Recently a desi dude who is more acquaintance less friend called to check in on me. Those who have read this blog before might know that such calls tend to make me anxious. Depending on how far back we go, there are sets of FAQs that I brace myself to answer. The trick is to be sufficiently evasive without being downright offensive - a fine balancing act given the provocative nature of questions involved. I look at these calls as opportunities for building patience and tolerance both of which I seriously lack. Basically, they are very desirous of finding out how I am doing in my personal and professional life to be sure that they have me correctly categorized and filed for future reference.
The major buckets appear to be loser, struggling, average, arrived, superstar and uncategorizable. My goal needless to say, is to be in the last bucket - the unknown, unquantifiable and therefore uninteresting entity. Their aim is to pull me into something more tangible. So anyways, the dude in question asked to find out what kind of technology I was working on these days. After some hemming and hawing at my end and some serious prodding on his, I confessed that I was doing business intelligence and web analytics stuff among other things.

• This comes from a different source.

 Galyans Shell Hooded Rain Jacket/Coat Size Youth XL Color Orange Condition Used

Right away, he tells me that in my line of work I would find it impossible to stay employed stateside. The jobs are drying up fast and furious and only the most enterprising and technology savvy would survive. If I decided to head home to India (as I may very well need to in short order), the competition would so intense that I would need to work for peanuts if I even hoped to find a job. The cost of living in Indian metros being what it is, that would make for a very difficult life. In essence I was burrowing my way into my professional grave as I data mined my days away.

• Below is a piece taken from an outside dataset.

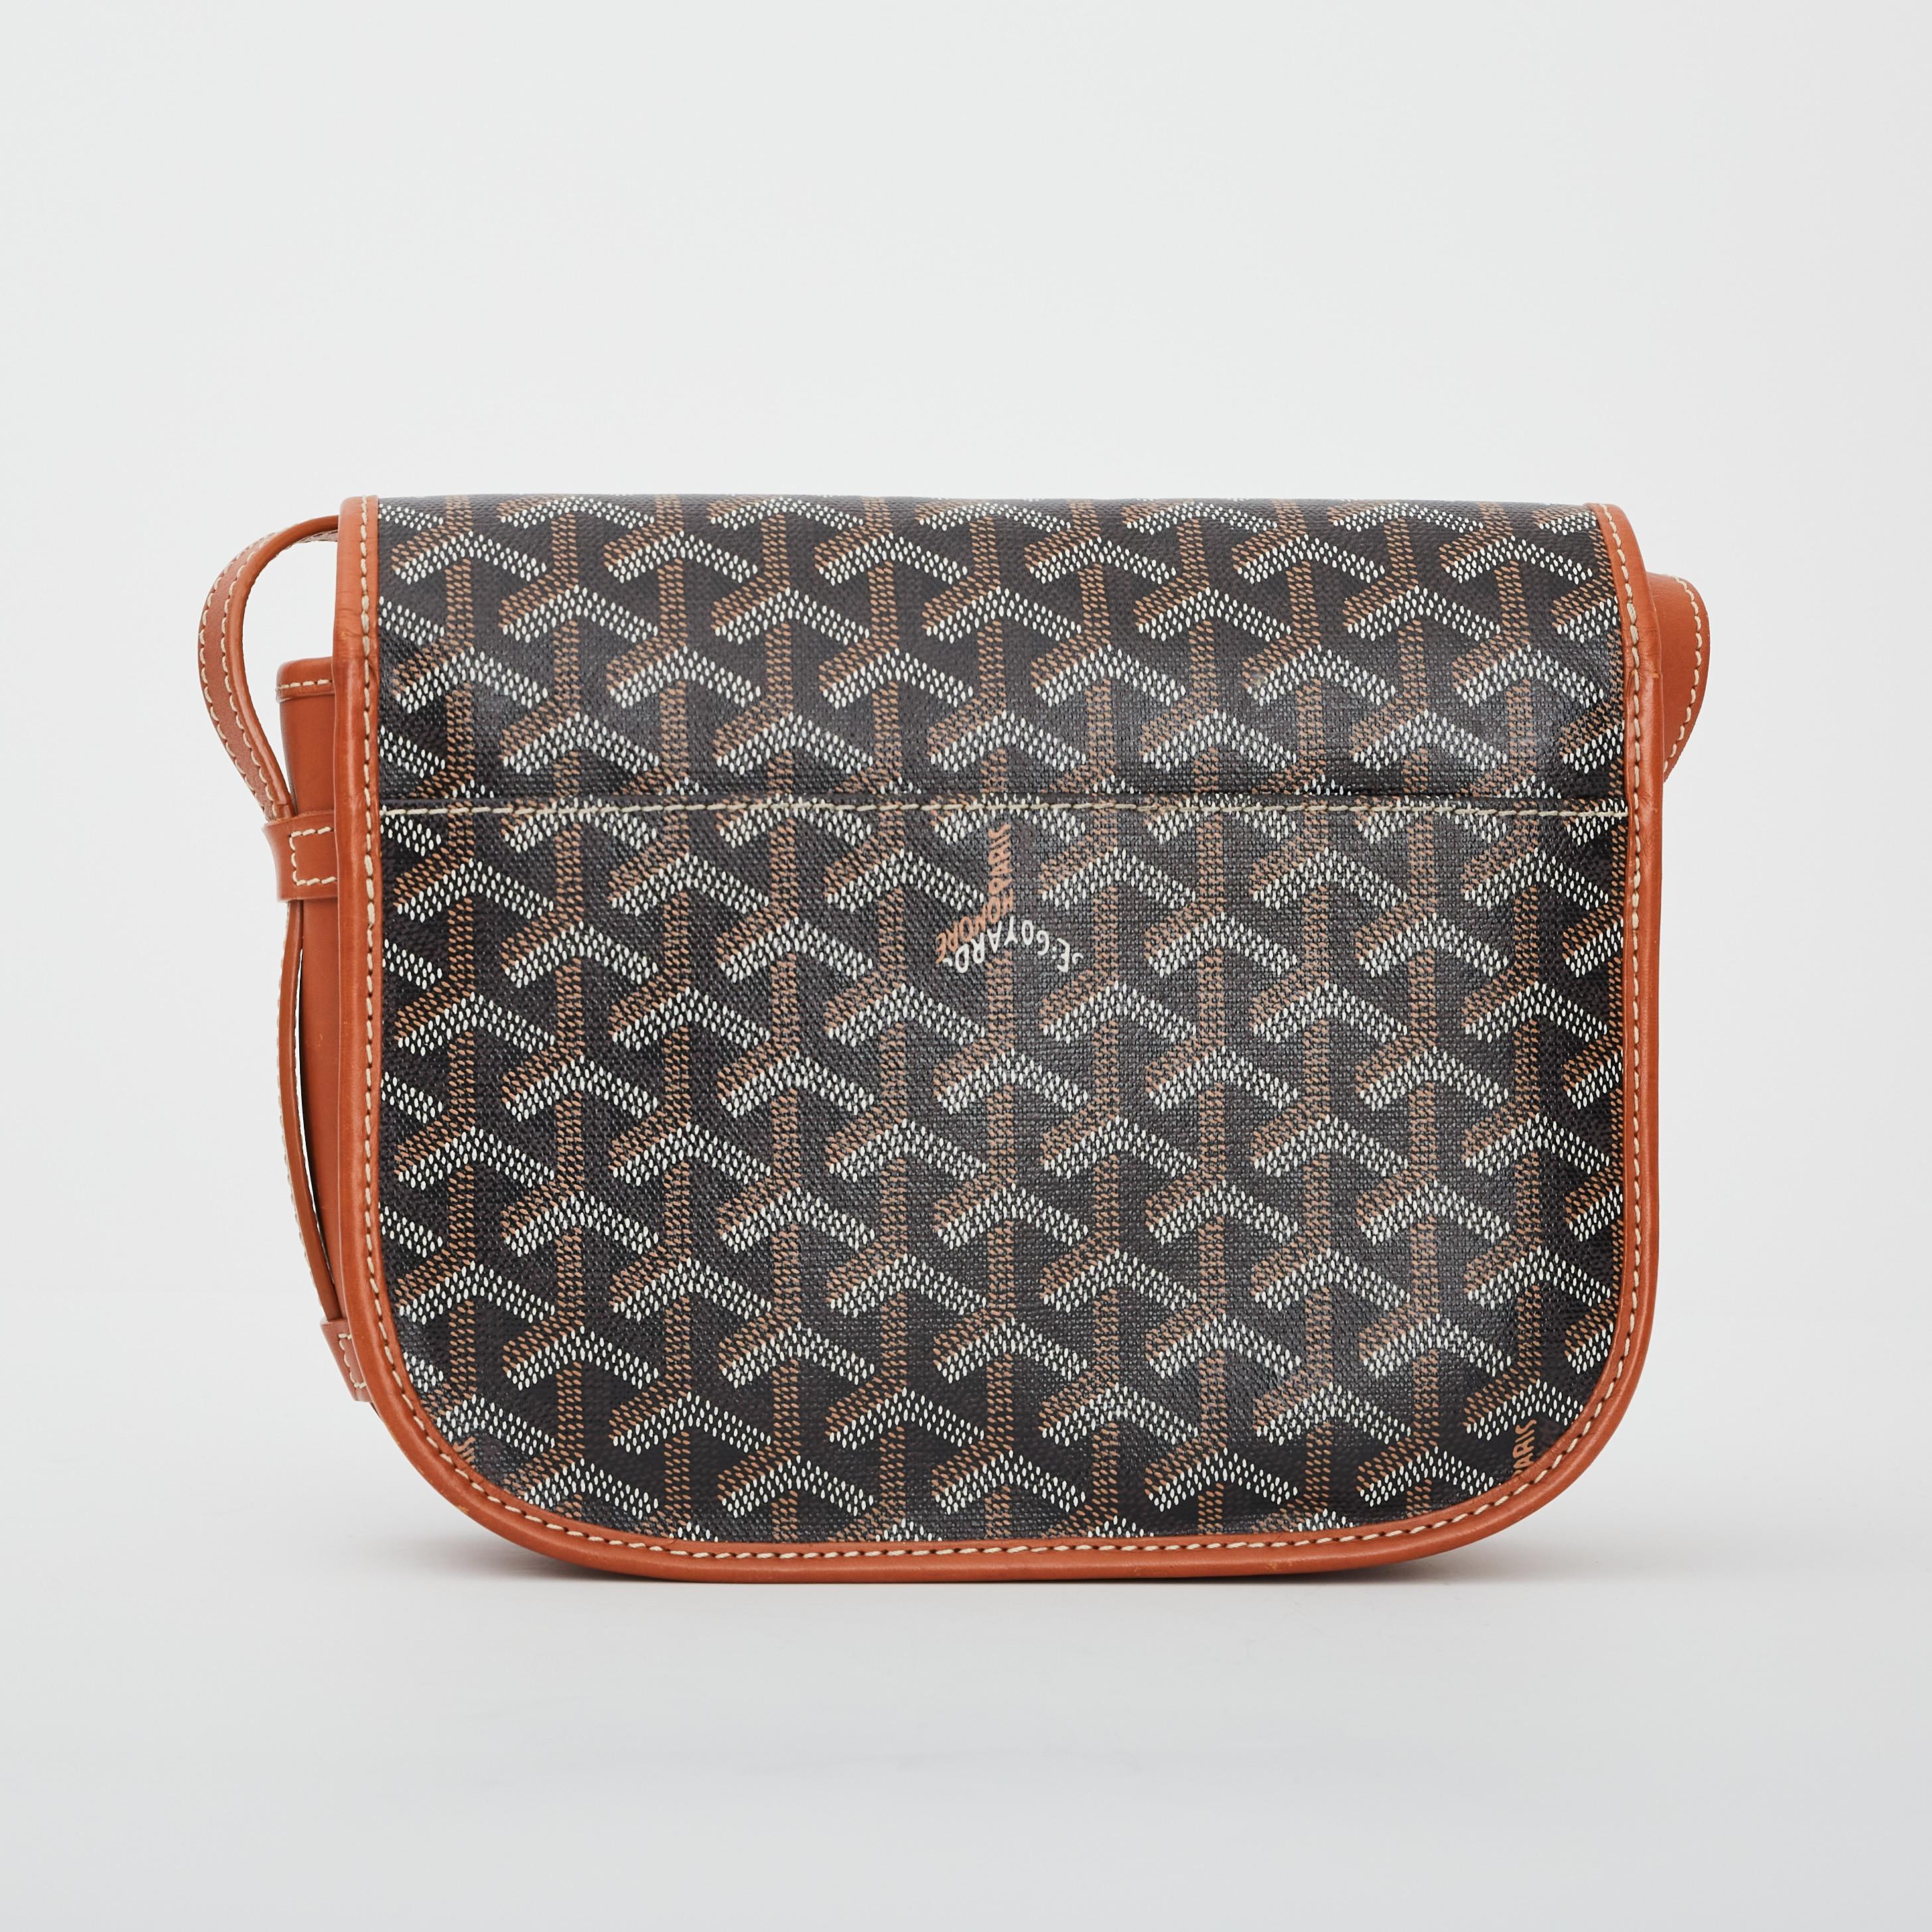 Belvedere MM Bag from Goyard is crafted in signature coated canvas in black featuring tan leather trims and white contrast stitching, an adjustable shoulder strap, front flap with buckle closure and exterior slip pocket at the back. The interior is

Now, cloud computing ( which is what said dude did for a living) was an area where a man could name his price home (America in his case as he had recently become a citizen) and abroad. There was a huge demand for his skills and no supply to speak of. Only recently a client in India had put him up at the Hyatt Regency for a couple of years so he could consult for them. They also paid him obscene amounts of money for his trouble. Just in case I was hoping to jump on the cloud computing gravy train, he was quick to point out that the chances of one such as myself being able to dig myself out of the hole that I was in were fairly slim. You get set in your ways and become incapable of staying on the bleeding edge of technology.
Each time I am subjected to one of these things, I wonder why I go through it in the first place. Part of the reason is curiosity - I am completely fascinated by how some desi bros think. They simply don't know when to stop once they get in the flow of self-aggrandization, specially when they can tell a sister she has it all wrong. I love to see if they have any limits at all. This dude went on for a full hour and to my credit I gave him my complete and undivided attention. If not anything else, I made a bro feel like king of the world.